Use @Before, @After, or @Around to run code at different times around method calls.
Examples
This runs before any method in the service package.
Spring Boot
@Before("execution(* com.example.service.*.*(..))")
public void logBefore() {
    System.out.println("Method is about to run");
}
This runs after methods return successfully and can access the result.
Spring Boot
@AfterReturning(pointcut = "execution(* com.example.service.*.*(..))", returning = "result")
public void logAfter(Object result) {
    System.out.println("Method returned: " + result);
}
This wraps the method call to measure how long it takes.
Spring Boot
@Around("execution(* com.example.service.*.*(..))")
public Object measureTime(ProceedingJoinPoint joinPoint) throws Throwable {
    long start = System.currentTimeMillis();
    Object result = joinPoint.proceed();
    long time = System.currentTimeMillis() - start;
    System.out.println("Method took " + time + " ms");
    return result;
}
Sample Program

This Spring Boot app uses AOP to measure how long the greet method takes.
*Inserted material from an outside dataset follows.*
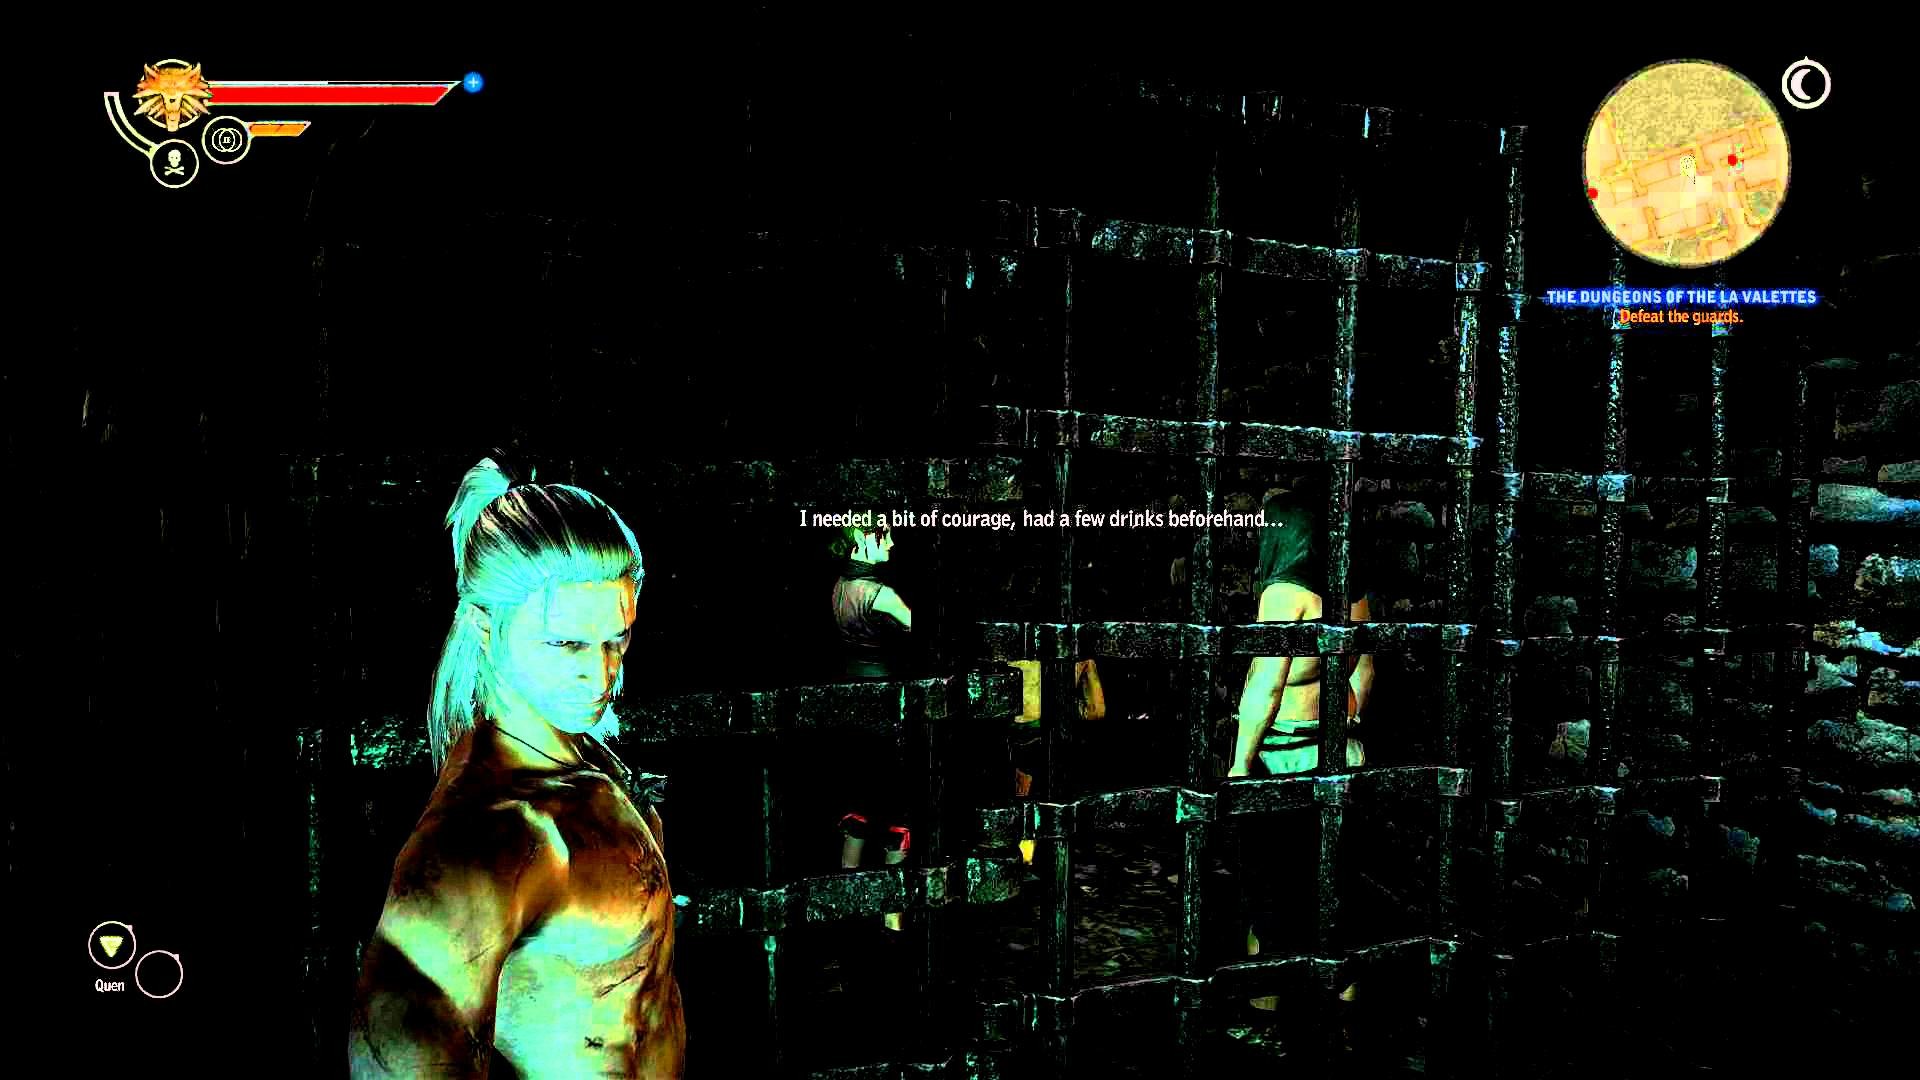 1920x1080 2011-05-29 PC Witcher 2: Prison Break Easter Egg (Michael Scofield Tattoo  Reference)

The aspect prints the time, and the main app prints the greeting.

Spring Boot
package com.example.demo;

import org.aspectj.lang.ProceedingJoinPoint;
import org.aspectj.lang.annotation.Around;
import org.aspectj.lang.annotation.Aspect;
import org.springframework.stereotype.Component;

@Aspect
@Component
public class TimingAspect {

    @Around("execution(* com.example.demo.MyService.*(..))")
    public Object measureExecutionTime(ProceedingJoinPoint joinPoint) throws Throwable {
        long start = System.currentTimeMillis();
        Object result = joinPoint.proceed();
        long duration = System.currentTimeMillis() - start;
        System.out.println(joinPoint.getSignature() + " took " + duration + " ms");
        return result;
    }
}

package com.example.demo;

import org.springframework.stereotype.Service;

@Service
public class MyService {
    public String greet(String name) {
        try {
            Thread.sleep(100); // simulate work
        } catch (InterruptedException e) {
            Thread.currentThread().interrupt();
        }
        return "Hello, " + name;
    }
}

package com.example.demo;

import org.springframework.boot.CommandLineRunner;
import org.springframework.boot.SpringApplication;
import org.springframework.boot.autoconfigure.SpringBootApplication;
import org.springframework.context.annotation.ComponentScan;

@SpringBootApplication
@ComponentScan("com.example.demo")
public class DemoApplication implements CommandLineRunner {

    private final MyService myService;

    public DemoApplication(MyService myService) {
        this.myService = myService;
    }

    public static void main(String[] args) {
        SpringApplication.run(DemoApplication.class, args);
    }

    @Override
    public void run(String... args) throws Exception {
        String message = myService.greet("World");
        System.out.println(message);
    }
}
OutputSuccess
Important Notes

AOP helps keep your main code simple and focused on its job.

Be careful with performance: aspects add a small overhead.

Use clear pointcut expressions to target only the methods you want.

Summary

AOP separates common tasks like logging or security from business code.

It runs extra code before, after, or around methods without changing them.

This makes your app easier to read, maintain, and update.